Una de las
cosas impagables del primer día del año es el silencio. Me gusta levantarme
temprano, salir a la calle, ver las calles vacías, recorrerlas a pie o en bici,
comprobar que los establecimientos están cerrados y que sólo algún solitario
como yo ha tenido la misma idea de disfrutar de la ciudad vacía. También hay
gente que sale temprano para que el perro eche la primera meada, mientras la
mayoría se despereza ahora, en este preciso momento, mientras en la calle hace
un sol impropio de un día de enero, y algunos vuelven al sofá que abandonaron
tarde en la noche porque en las teles corre ese famoso concierto de año nuevo,
cuyas imágenes han de repetir los telediarios varias veces al día, tan
empalagosos los comentarios como la propia música, tan parecida a los libros
que la gente suele comprar como regalo estos días, lo más cerca que han de
estar, apartándose del ruido que es la vida corriente, del rebozo del arte,
aunque ni una cosa ni otra lo sean. Qué otra cosa pueden hacer si todo está cerrado.
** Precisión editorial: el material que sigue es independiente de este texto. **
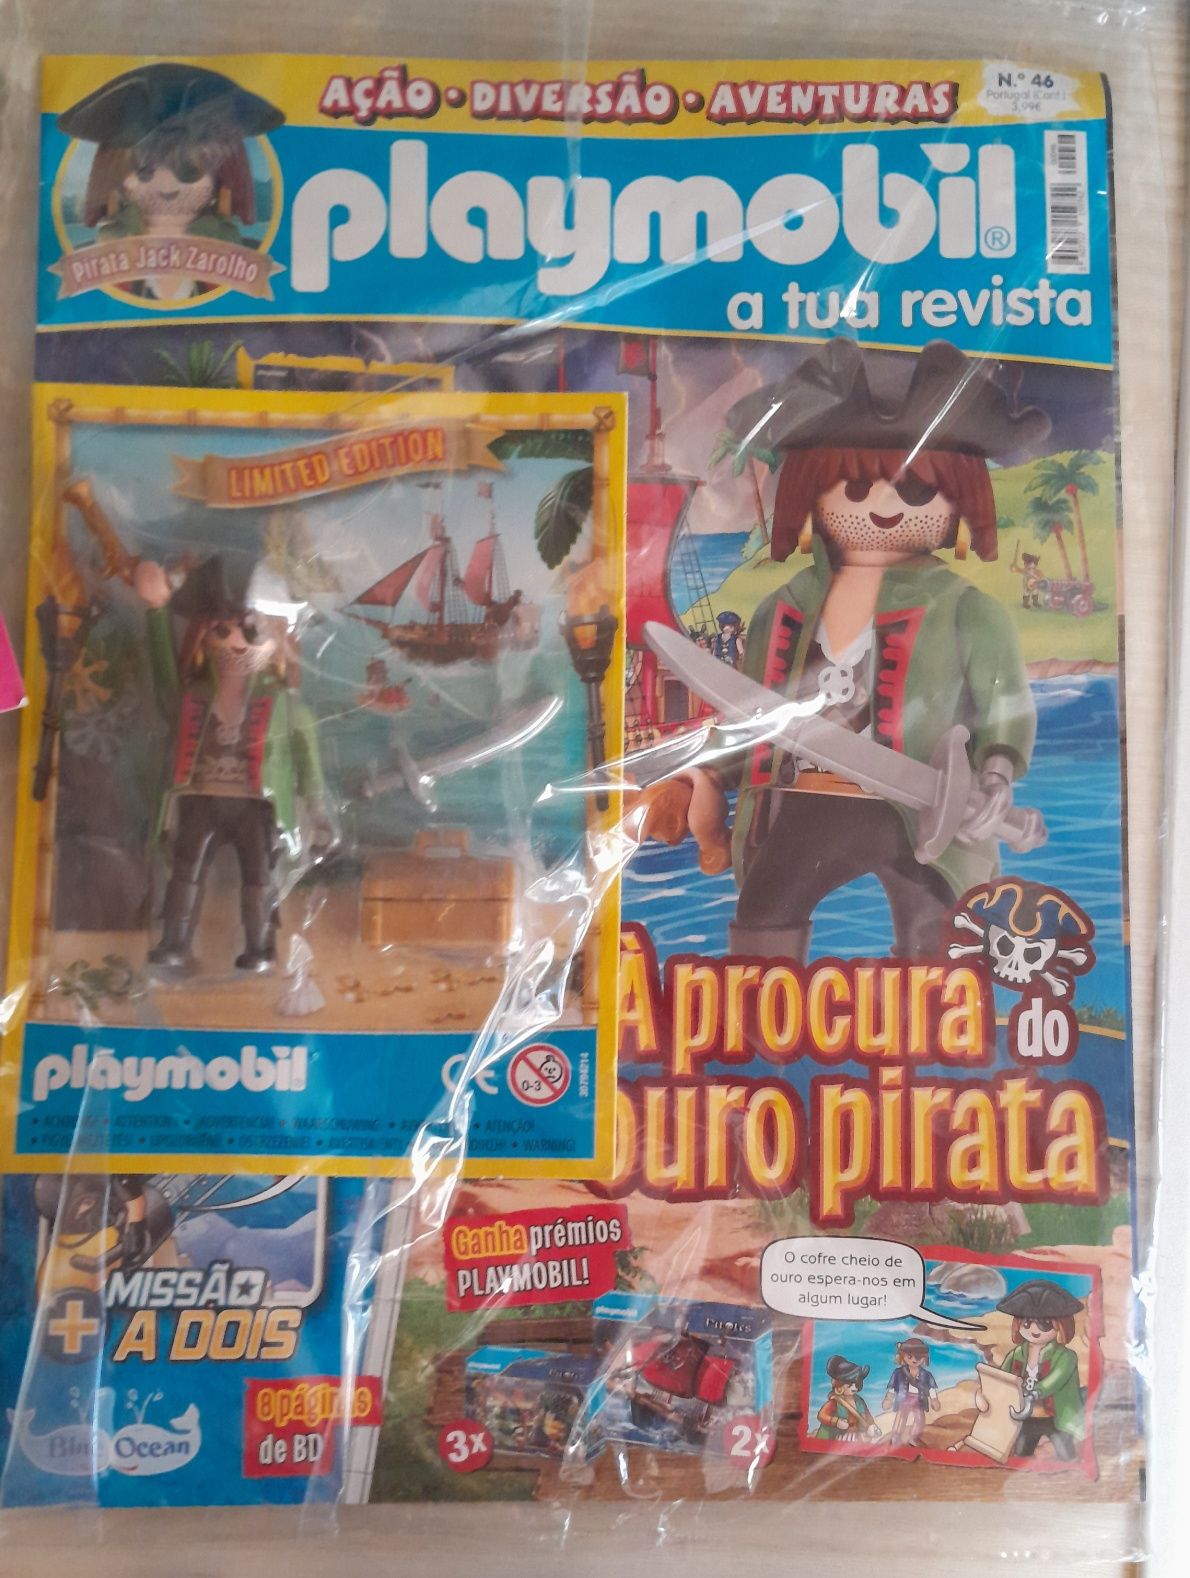 Playmobil lote figura boneco animais acessório revista edição limitada

Desde luego no hacer balance del año acabado ni proyectarse sobre el 2015. Yo
mismo quisiera que este nuevo año sea diferente del acabado y lo será sin duda,
porque todos lo son como lo son cada uno de sus días sin que sepamos dónde
comienzan los cambios, no desde luego donde nosotros ponemos la señal sino
donde el destino la tiene fijada y no conocemos. Organizamos festejos, los
llenamos de banderolas, levantamos copas, nos damos abrazos para domesticar el
tiempo, decimos aquí comienza un tiempo nuevo, pero no es verdad porque no
somos dueños de nuestro destino, los grandes sucesos llegan sin nuestro
consentimiento, nos sorprenden siempre, nos trastornan sin que podamos hacer
gran cosa por encauzarlos y llevar la vida por donde queremos. En mi caso, sé
que en 2015 han de ocurrir alguna cosas, agradables, bonitas, y algunas más que
querría que sucediesen pero no sé si sucederán y otras que no sucediesen, pero
no puedo hacer otra cosa que esperar y ver.
Cómo se ha
ido el día, cómo en el atardecer ha ido cambiando el tono de la luz, desde el
dorado al ambarino hasta desaparecer en el pálido frío de la tarde, pero el
silencio del día ha estado ahí, sólo interrumpido por un ligero taconeo en la
acera de enfrente, los gañidos de un perro con ganas de salir a la calle o el largo
estruendo de un coche solitario que pasa por la calle de atrás. Podrían ser
todos los días como este, un placer sin exigencias, con todas las horas
gratuitas para dedicarlas a no hacer nada, la mañana a que el sol bañe mis
mejillas frías, la tarde a paladear la prosa de ese escritor que casi acabo de
descubrir, aunque ya antes sin atención había leído, a quien envidio porque sé
que nunca escribiré como él, a quien admiro por haber mantenido la calma para
que el tiempo hable a su favor, la noche para saludar a la luna, blanca,
solitaria, silenciosa, compañera cómplice, sin más afán que completar su
redondel.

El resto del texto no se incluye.